Class Action Waiver.
Except as otherwise provided in this Provision, the arbitrator may not consolidate more than one person's claims, and may not otherwise preside over any form of a class or representative proceeding or claims (such as a class action, consolidated action, representative action, or private attorney general action) unless both you and the Pearproof Parties specifically agree to do so in writing following initiation of the arbitration. If you choose to pursue your dispute in court by opting out of the Arbitration Provision, as specified above, this Class Action Waiver will not apply to you. Neither you, nor any other user of the Services can be a class representative, class member, or otherwise participate in a class, consolidated, or representative proceeding without having complied with the opt-out requirements above.
You understand and agree that by accepting this Provision in these Terms, you and the Pearproof Parties are each waiving the right to a jury trial or a trial before a judge in a public court. In the absence of this Provision, you and the Pearproof Parties might otherwise have had a right or opportunity to bring disputes in a court, before a judge or jury, and/or to participate or be represented in a case filed in court by others (including class actions). Except as otherwise provided below, those rights are waived. Other rights that you would have if you went to court (e.g., the rights to both appeal and certain types of discovery) may be more limited or may also be waived.

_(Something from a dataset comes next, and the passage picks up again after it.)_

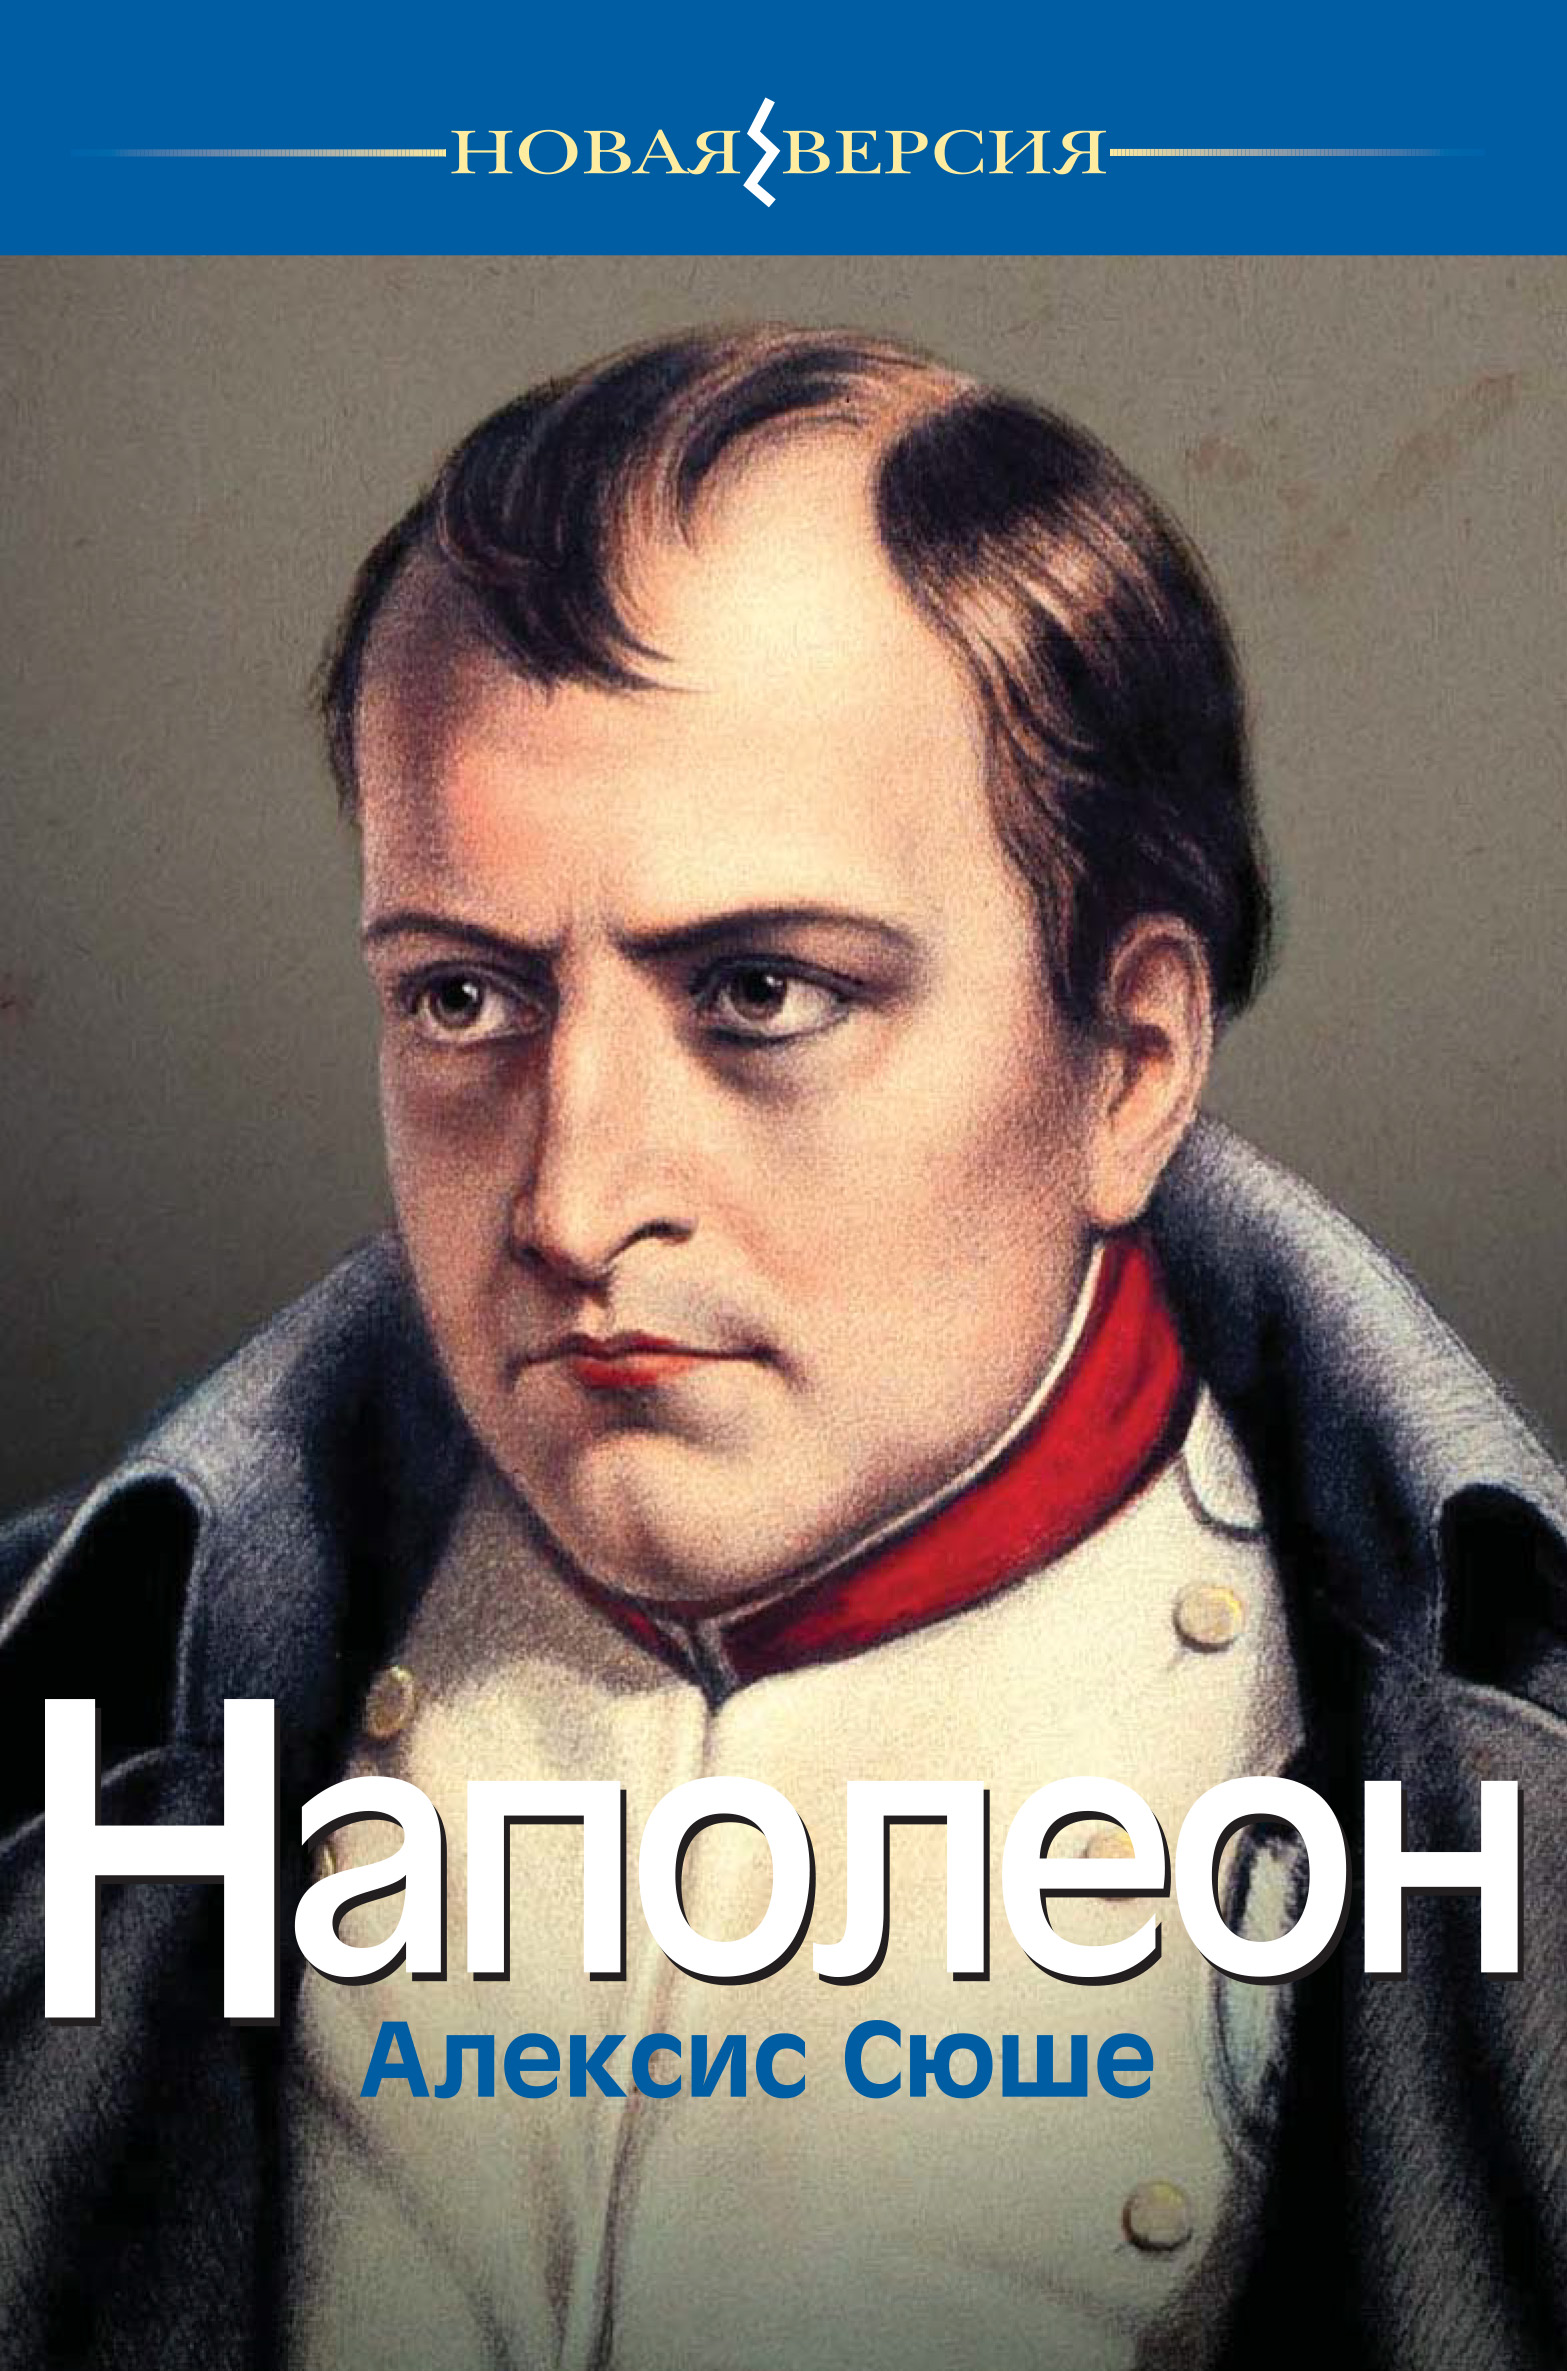 Книга Наполеон из серии , созданная Алексис Сюше, может относится к жанру Биографии и Мемуары, Зарубежная публицистика. Стоимость электронной книги Наполеон с идентификатором 40477822 составляет 199.00 руб.

If any clause within this Provision (other than the Class Action Waiver clause above) is found to be illegal or unenforceable, that clause will be severed from this Provision whose remainder will be given full force and effect. If the Class Action Waiver clause is found to be illegal or unenforceable, this entire Provision will be unenforceable and the dispute will be decided by a court.
This Provision shall survive any termination of this Agreement, the Services, your License rights, or your account with the Pearproof Parties. Notwithstanding any provision in these Terms to the contrary, the Pearproof Parties agree that if the Pearproof Parties make any change to this Provision (other than a change to the Notice Address), you may reject any such change and require the Pearproof Parties to adhere to the present language in this Provision if a dispute between you and the Pearproof Parties arises.